While Popran explores important themes and even allows the spectator to get a sense of the role the flesh plays within the phantasmatic world of male subjects, Ueda’s narrative is not really able to deliver his message with the edge that it needs. In our view, Ueda fails to make Tagami’s trajectory emotionally impactful. By exploring his status as phallic imposter more and sketching the change his search for his penis instigates with a bit more extravagancy, Ueda could have made Popran a more satisfying experience. Popran, as it is, is a bit too somewhat emotionally flat.  

The composition of Popran is straightforward, offering a nice balance between static and dynamic moments.
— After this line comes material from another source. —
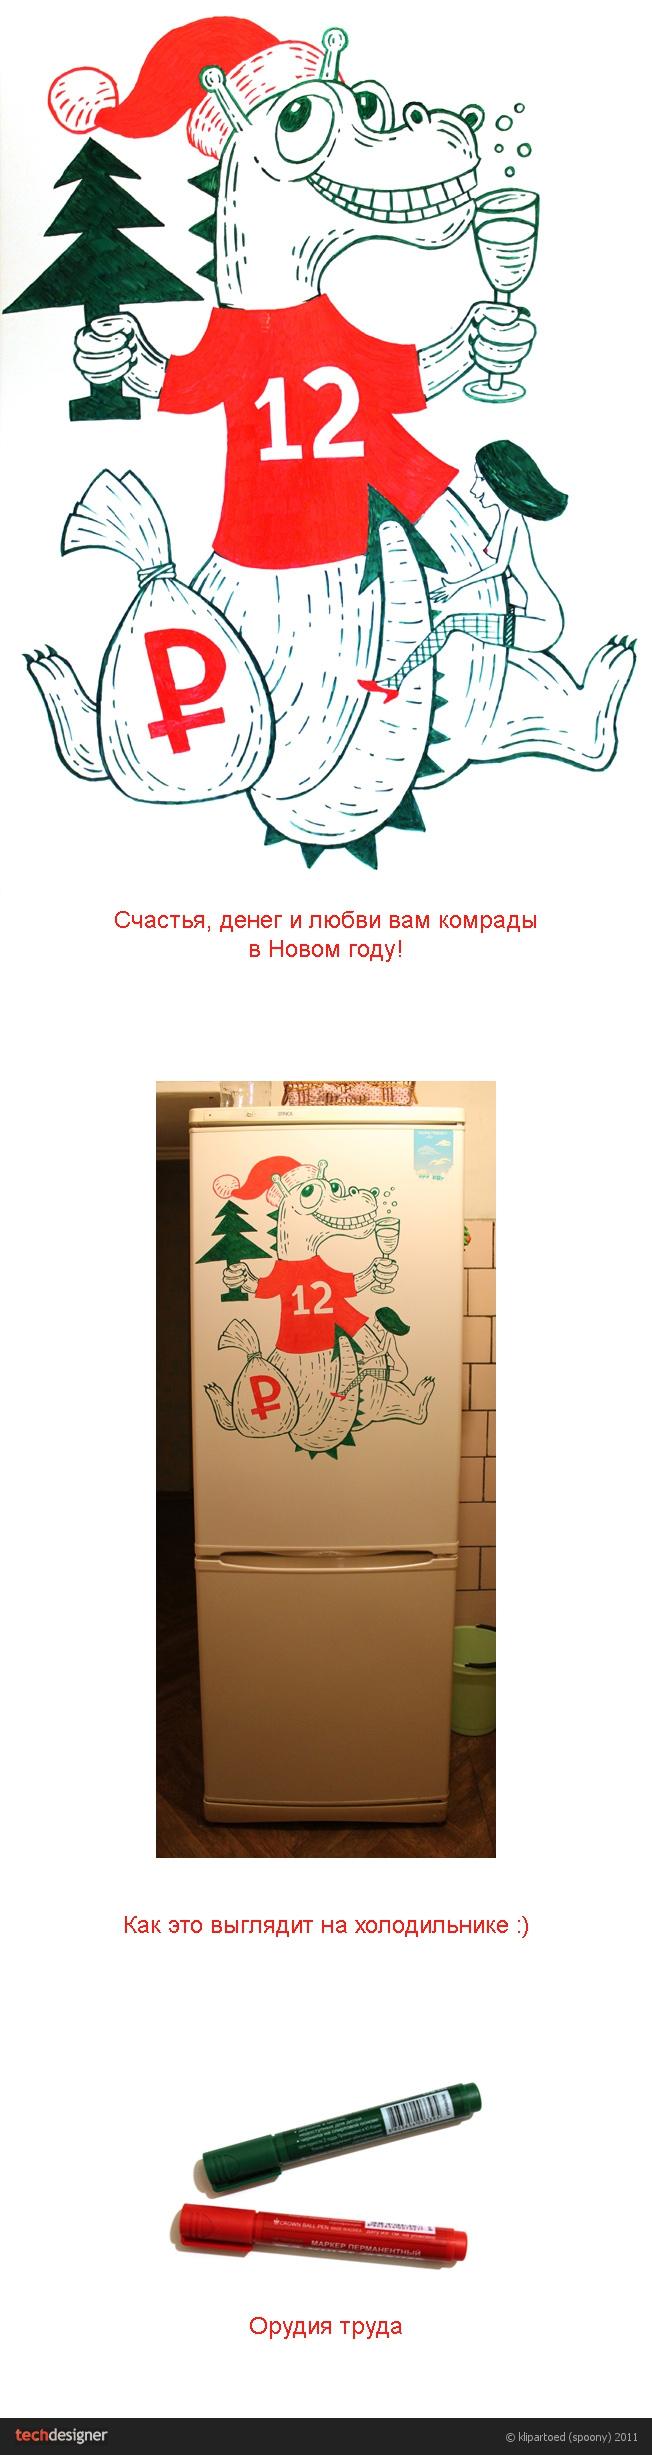 Дракон на холодильнике

Ueda refrains from using any kind of cinematographical decorations to spice up his composition with some visual extravagancy. Any kind of light-heartedness is either function of certain situations (Peeing while standing is impossible, the check-in procedure for the Popran group, the sudden fits of pain, … etc.) some subtle visual phallic humour, e.g. visually emphasising sizzling sausages, and playful musical accompaniment that decorates certain sequences.

Popran is a great narrative, as long as one does expect a traditional Japanese comedy. The absurd concept is not utilized, as some might expect, to deliver moments of visual eccentricity, but to question in a light-hearted way the relation between the male subject and his member as well as the role the real member plays within the fantasmatic world of men. Yet, with a bit more extravagancy into the narrative and a deeper exploration of the main character as phallic impostor, Ueda could have had another hit on his hands.

Notes

Narra-note 1: The fight between Tagami and Yoshida concerned a radical difference in vision for the company – original manga vs offering a collection of past hits, lower cost vs delivering quality.